Résumons les faits. La Ville permet à ses 70 cadres un rattrapage salarial de 14% à compter de janvier, en plus de la hausse de 2,25% déjà prévue au contrat de travail. Le conseil municipal a ainsi entériné la recommandation de sa directrice générale, après avoir commandé une étude sur les salaires offerts aux cadres dans d’autres villes comparables.

On pourrait en dire beaucoup sur cette décision. La cheffe de Saint-Hyacinthe unie, Marjo Demers, a publié une lettre fort explicative dans le dernier numéro de Mobiles. Attardons-nous sur quelques aspects.

Que les cadres aient eu besoin d’un certain rattrapage, on peut en discuter. Mais Saint-Hyacinthe accordera un rattrapage à hauteur de 105% de la moyenne des salaires offerts dans les autres villes. Là, on n’est plus dans du rattrapage. On est plutôt dans l’enflure.

«Cette importante hausse de la rémunération ne peut qu’alimenter la spirale inflationniste et compromettre sérieusement la capacité d’agir de notre municipalité,» déclare avec justesse David Bousquet, l’un des deux conseillers qui ont voté contre la décision, l’autre étant Bernard Barré.

De façon générale, les employés municipaux sont les employés du secteur public les mieux payés en ce moment. D’ailleurs, le gouvernement Legault ne se gêne plus pour le rappeler aux maires qui demandent un rehaussement financier pour faire face à leurs obligations.

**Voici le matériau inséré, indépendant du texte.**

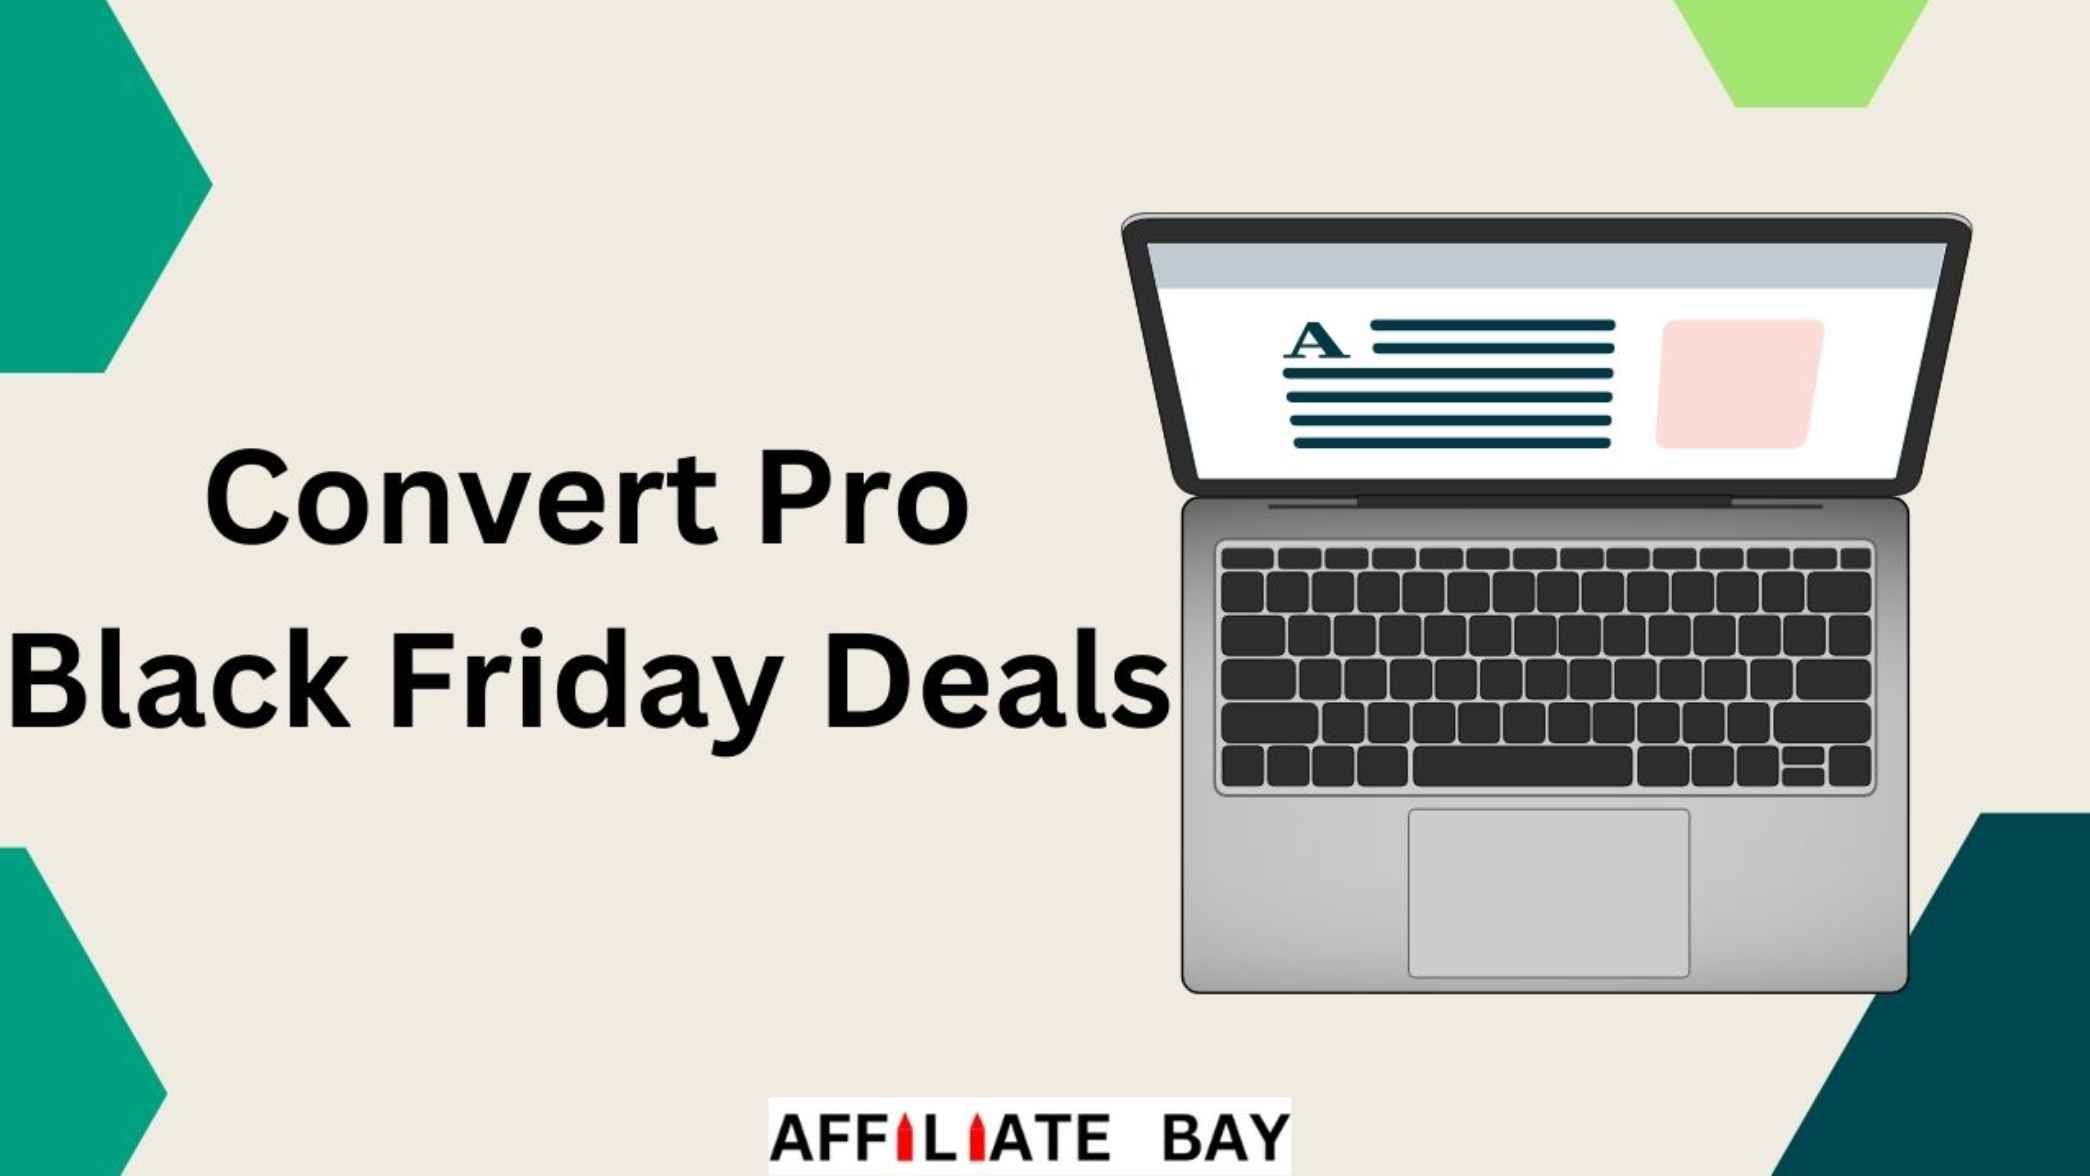 Convert Pro Black Friday Deals

Ils n’ont pas nécessairement tort car les villes comptent essentiellement sur l’impôt foncier pour leurs revenus. Par contre, avant de demander l’aide de Québec, ils devraient faire le ménage dans leur propre cour.

Comment expliquer pareil phénomène? Les élus municipaux sont souvent bien mal placés pour tenir tête à leurs employés. Les villes offrent les services les plus près des citoyens et contrairement aux autres niveaux de gouvernement, elles ne peuvent pas voter de lois pour imposer un retour au travail ou des conditions de travail.

L’autre élément qui explique cette situation, c’est la comparaison systématique avec les autres municipalités. Cette façon de faire entraîne inévitablement une inflation des salaires. Que pensez-vous que feront les autres employés de la Ville quand viendra le temps de négocier leurs nouvelles conditions de travail? Une grande partie du problème est là.

L’absent de taille : les contribuables

L’administration municipale s’est bien défendue pour expliquer sa décision. On veut retenir les cadres. Or, depuis quelques années, on assiste aux portes tournantes. La rareté de la main d’œuvre n’explique pas tout. L’ambiance de travail ne semble pas la meilleure au sein de l’organisation municipale. On peut aussi se demander pourquoi les nouveaux cadres ne proviennent pas davantage de ses propres employés.

Bref, l’absent de taille dans ce débat est le contribuable. Au moment où beaucoup de propriétaires se voient égorgés par la hausse des taux d’intérêt et que l’inflation gruge tous les budgets, voilà que les cadres auront droit à une grosse augmentation de salaires, entre 9 538$ et 25 736$ selon le cas, à compter de janvier.

Faudra l’avoir en tête quand on recevra notre prochain compte de taxes.